▶ _ASSIGNED TASK_: Repeat only the lines below that run from the line with "Star Wars Trooper Sugar Helmet Button" to the line with "IPL 2020: New logo revealed for Dream11 IPL", ends included; skip every picture.
** GIVEN RECORDS follows **
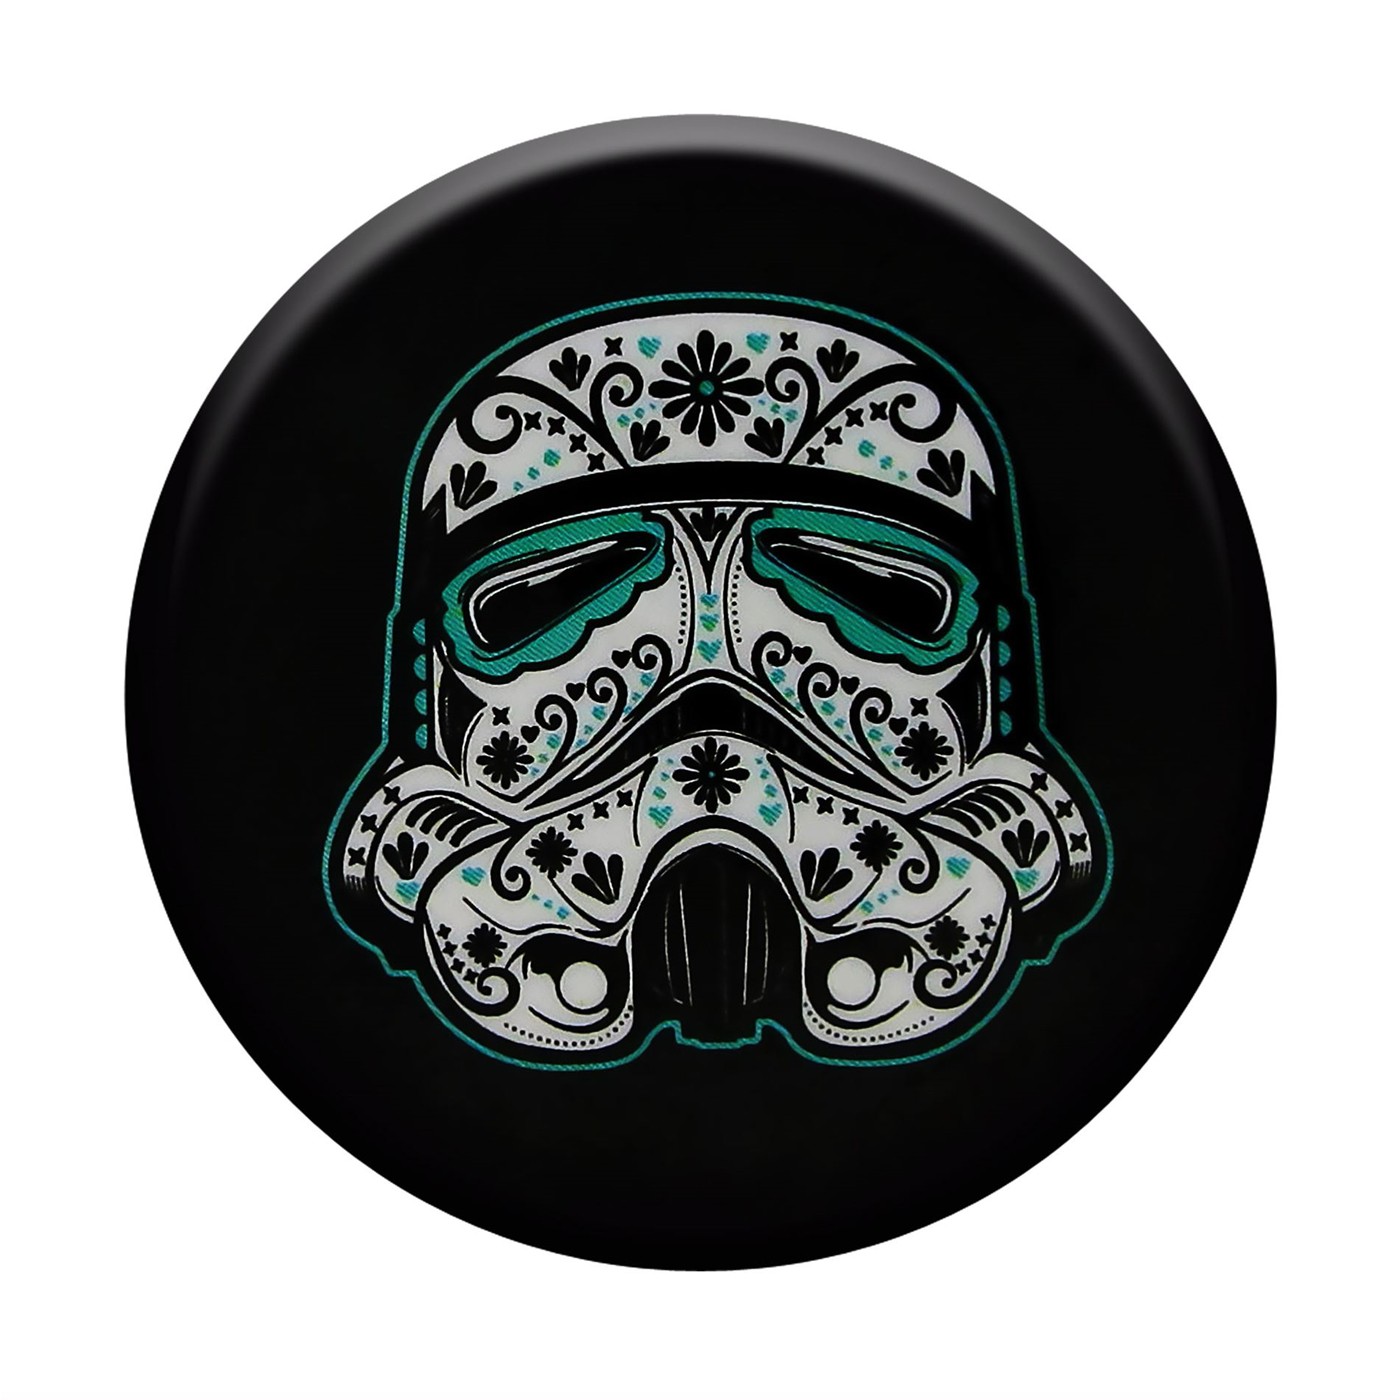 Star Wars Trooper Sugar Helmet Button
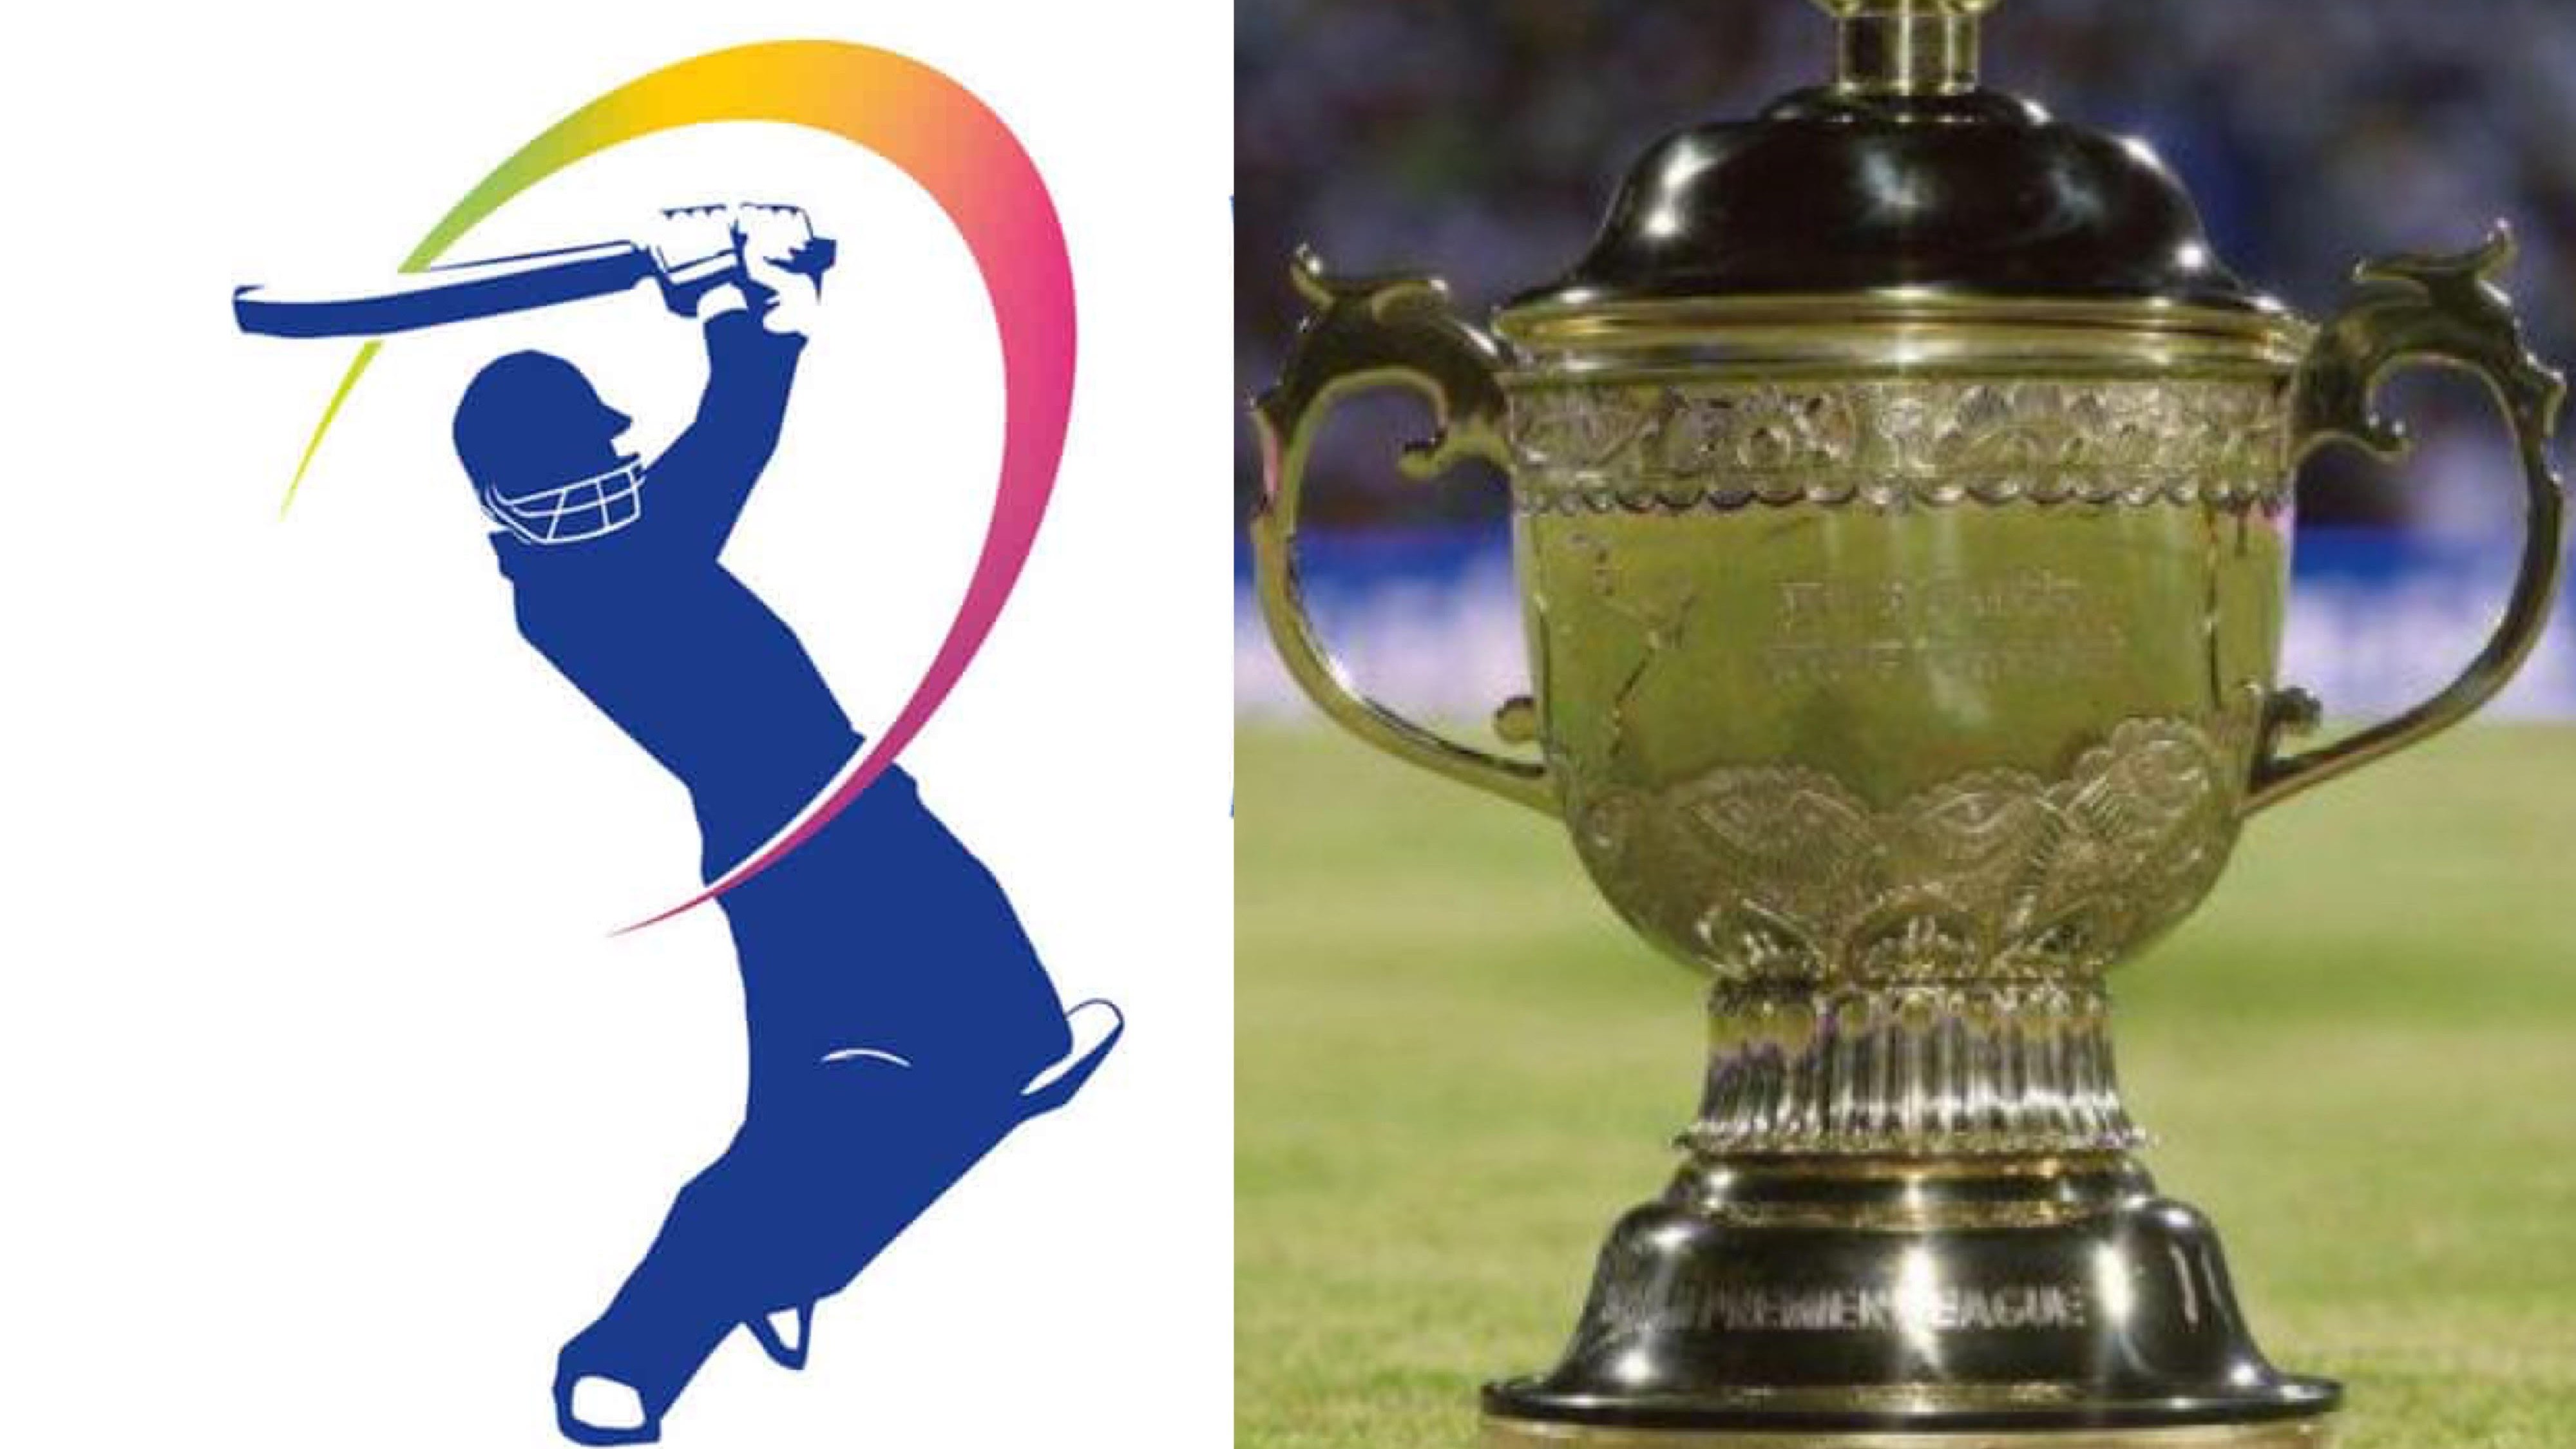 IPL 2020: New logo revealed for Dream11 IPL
** End of GIVEN RECORDS **
** GIVEN RECORDS follows **
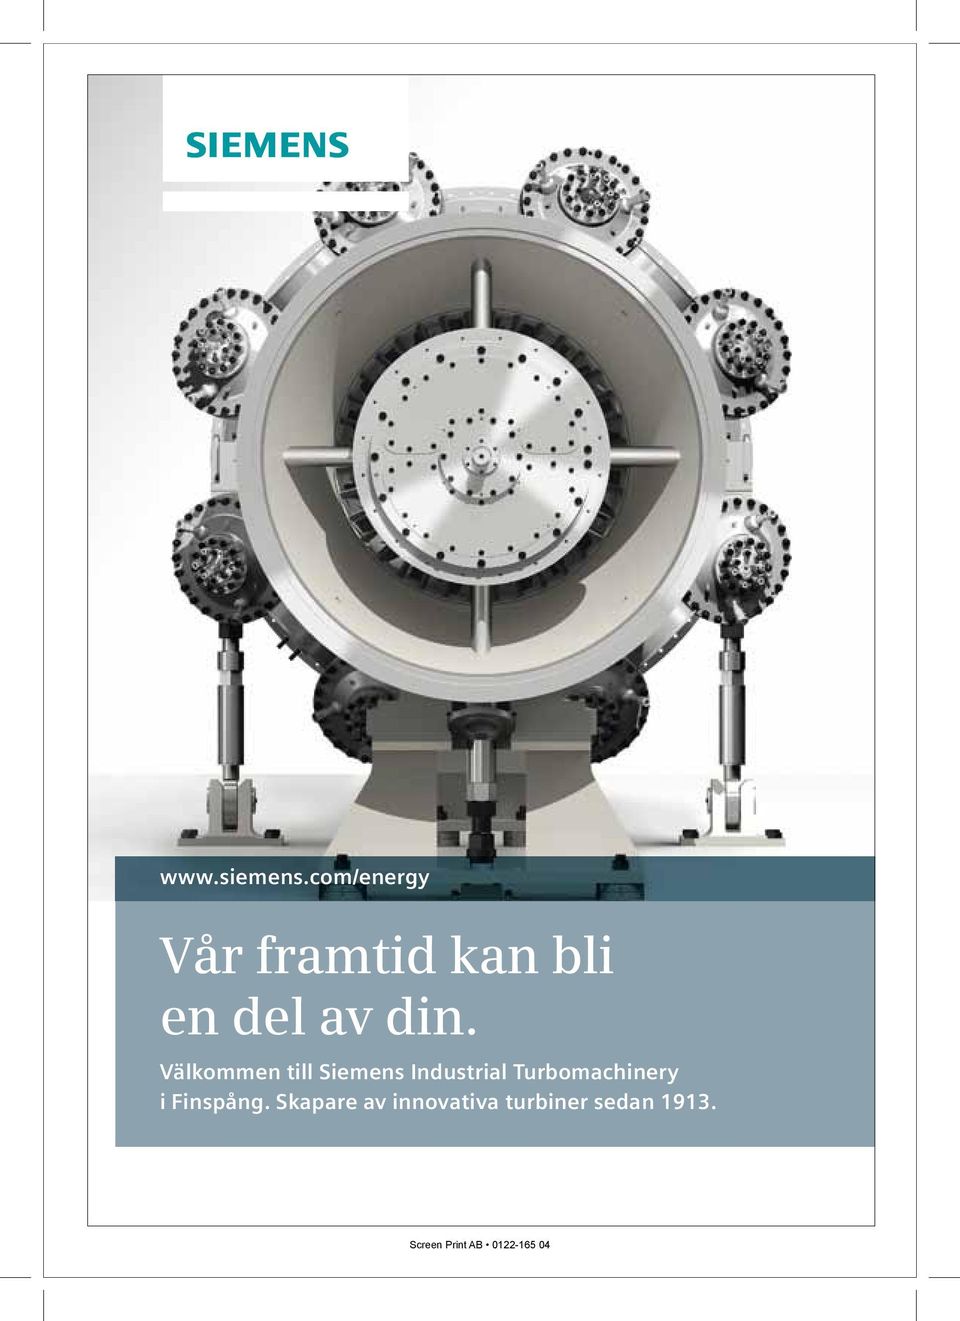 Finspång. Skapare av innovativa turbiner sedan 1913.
** End of GIVEN RECORDS **
▶ _ANSWER TO THE EXERCISE_:
 Star Wars Trooper Sugar Helmet Button
 IPL 2020: New logo revealed for Dream11 IPL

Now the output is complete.